» ACTIVITY: Output every line below exactly, please, omitting pictures.

:: SOURCE MATERIAL

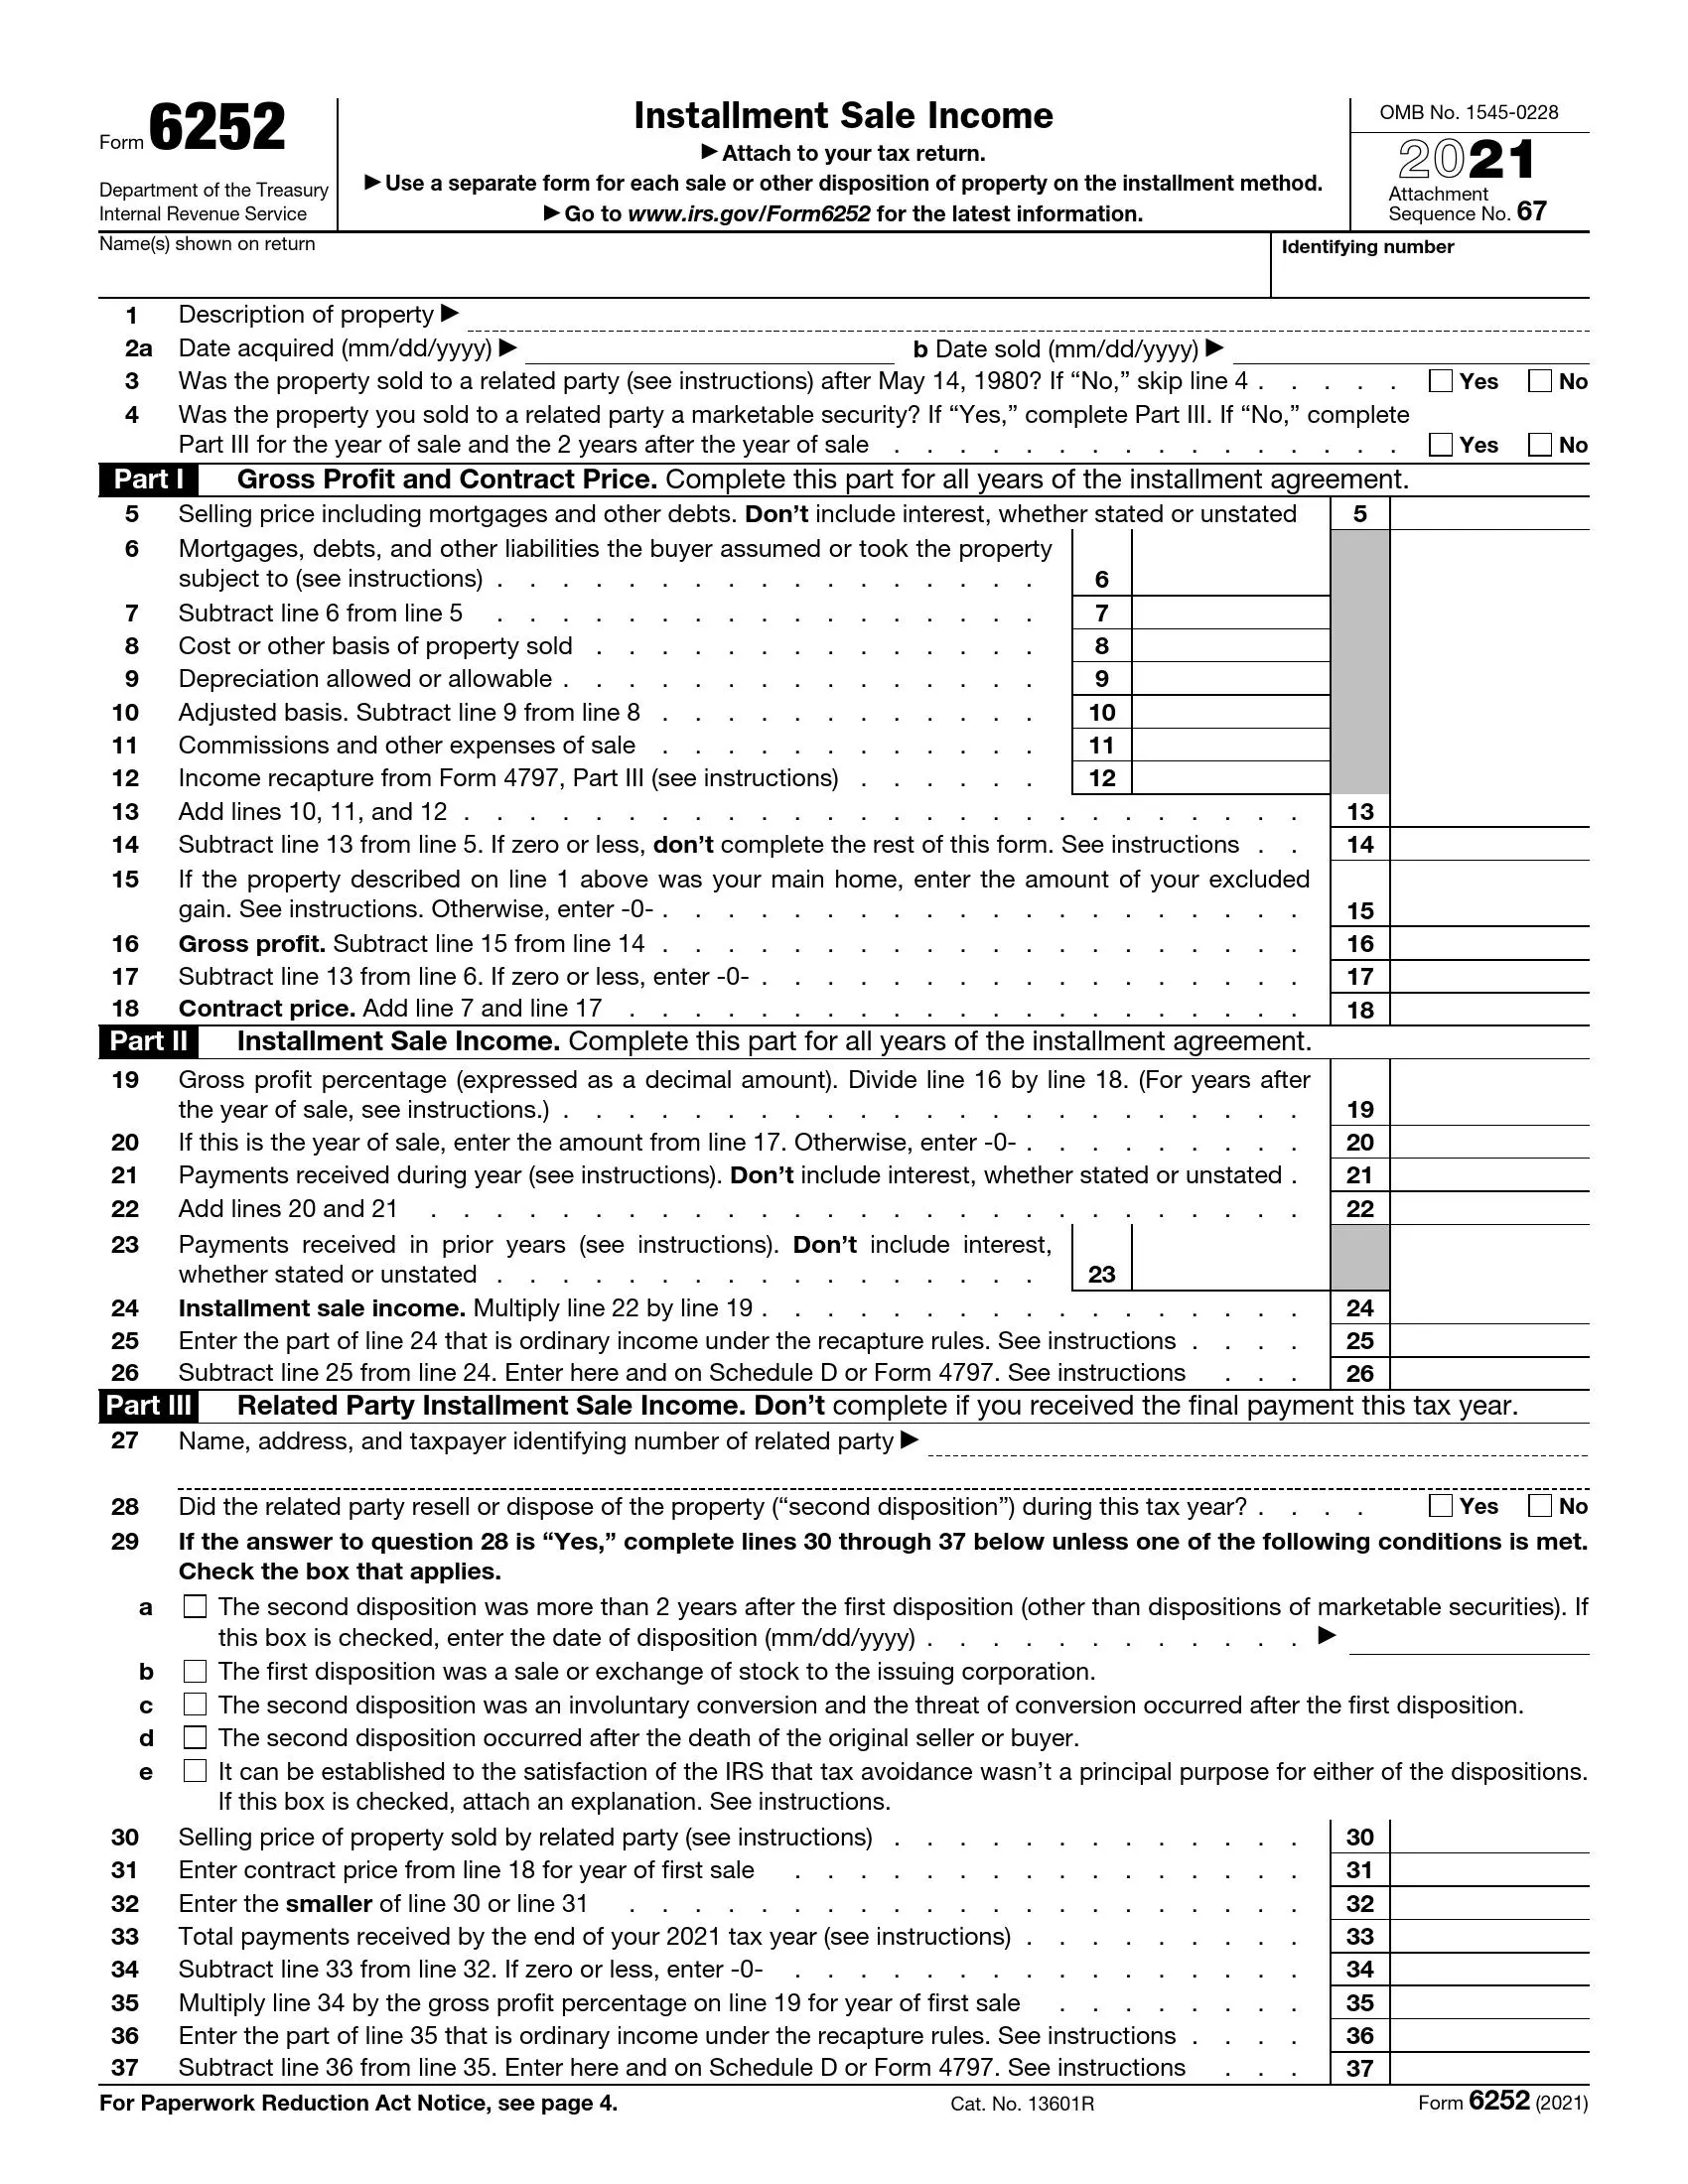 irs form 6252 2021 preview
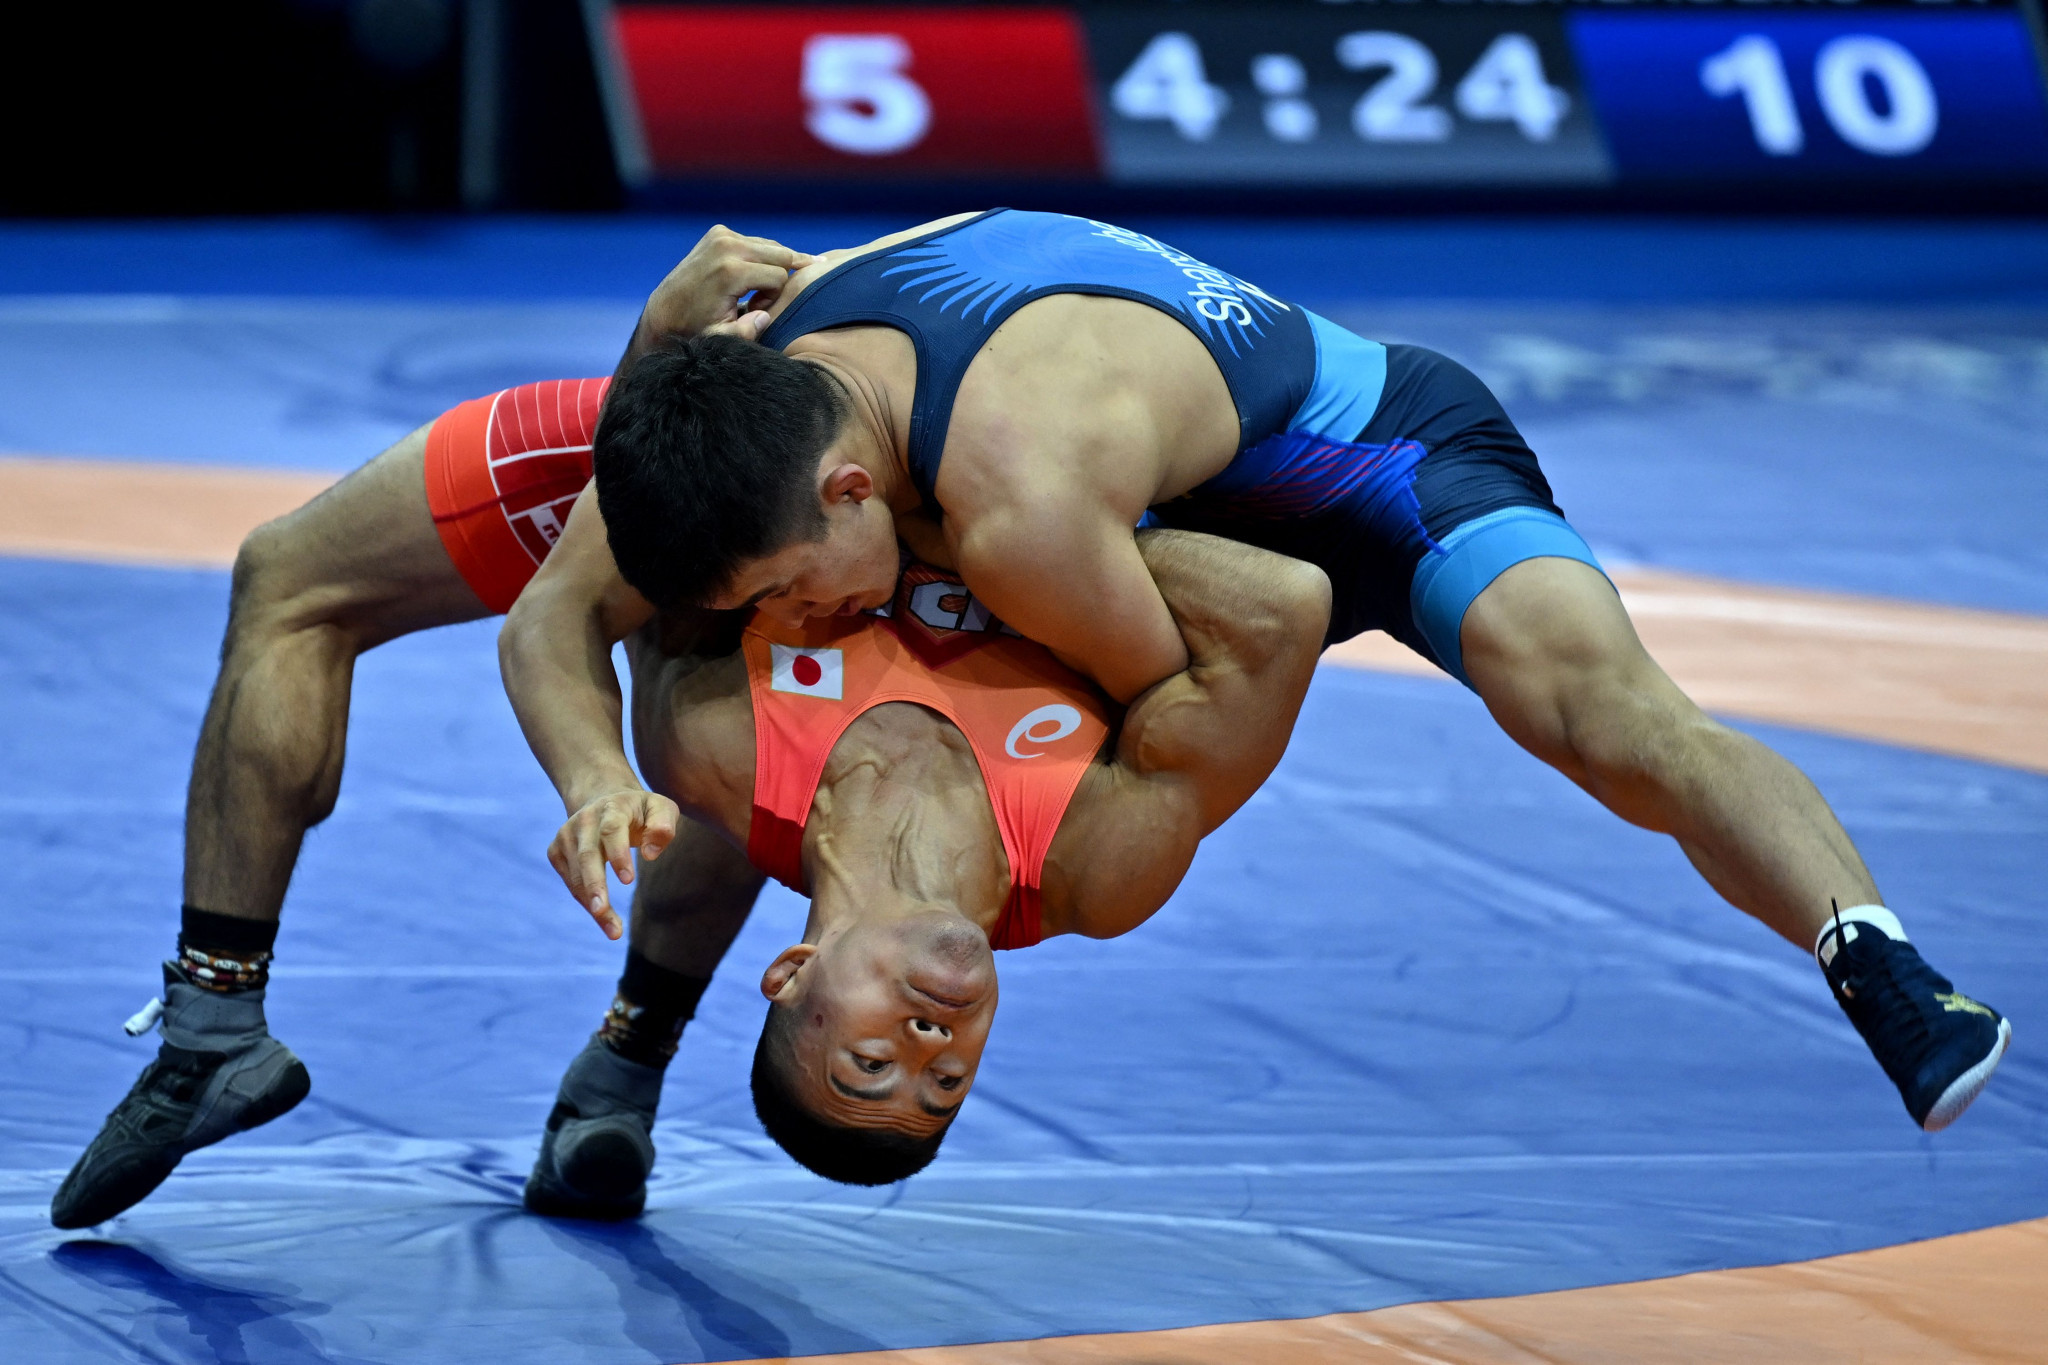 Zholaman Sharshenbekov, in blue, on his way to winning men's 60kg gold at the World Wrestling Championships ©Getty Images
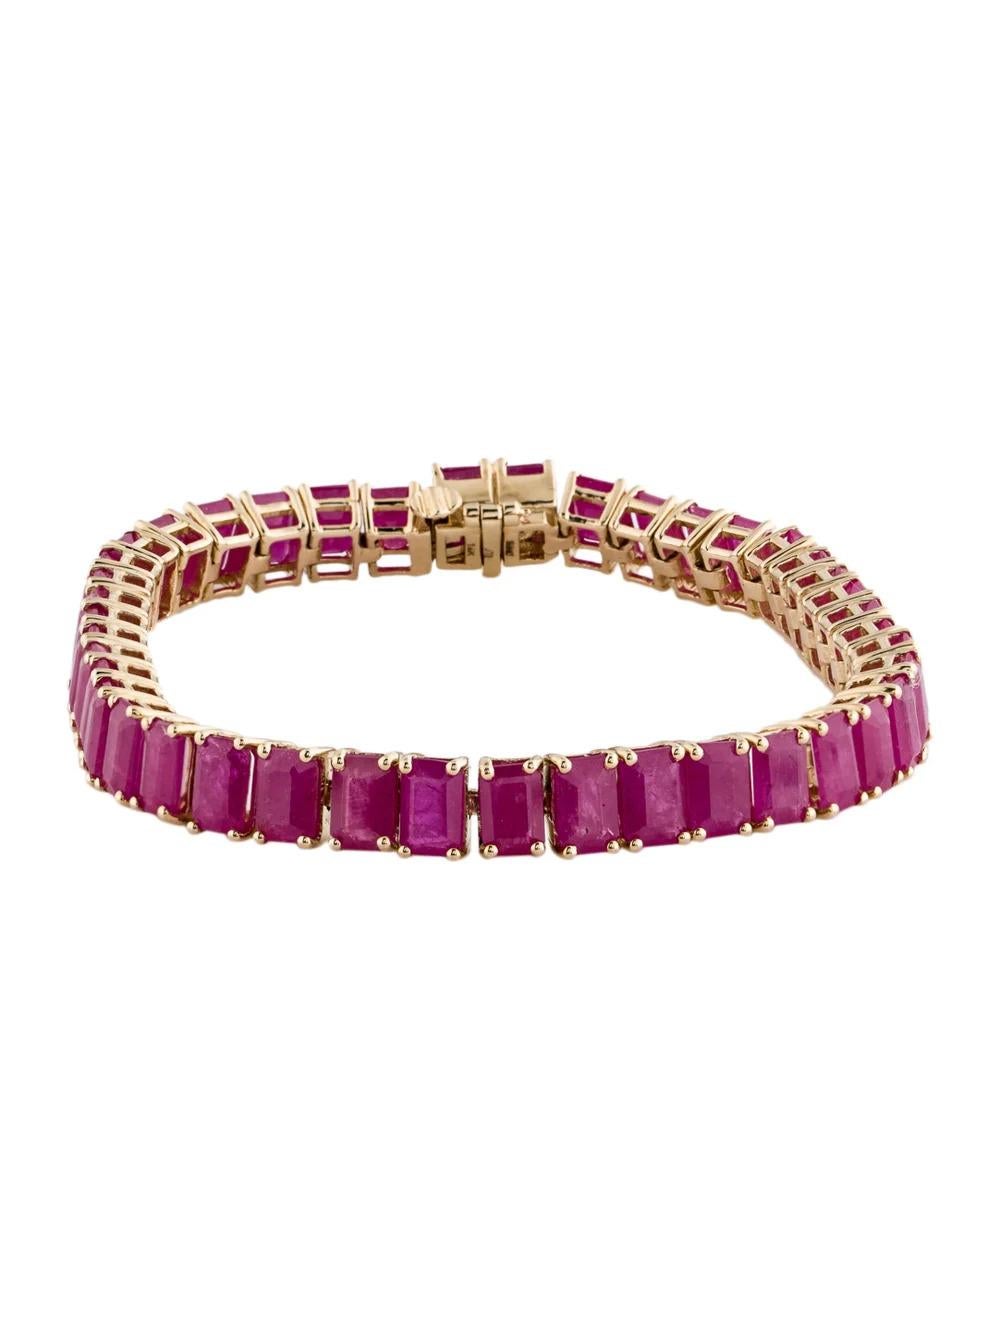 Enhance your jewelry collection with this exquisite 14K Yellow Gold Ruby Link Bracelet, showcasing a magnificent 30.20 carat Cut Cornered Rectangular Step Cut Ruby. Impeccably crafted, this bracelet exudes elegance and luxury, making it a timeless

::::

» RESULT BELOW:
 irs form 6252 2021 preview
 Zholaman Sharshenbekov, in blue, on his way to winning men's 60kg gold at the World Wrestling Championships ©Getty Images
 Enhance your jewelry collection with this exquisite 14K Yellow Gold Ruby Link Bracelet, showcasing a magnificent 30.20 carat Cut Cornered Rectangular Step Cut Ruby. Impeccably crafted, this bracelet exudes elegance and luxury, making it a timeless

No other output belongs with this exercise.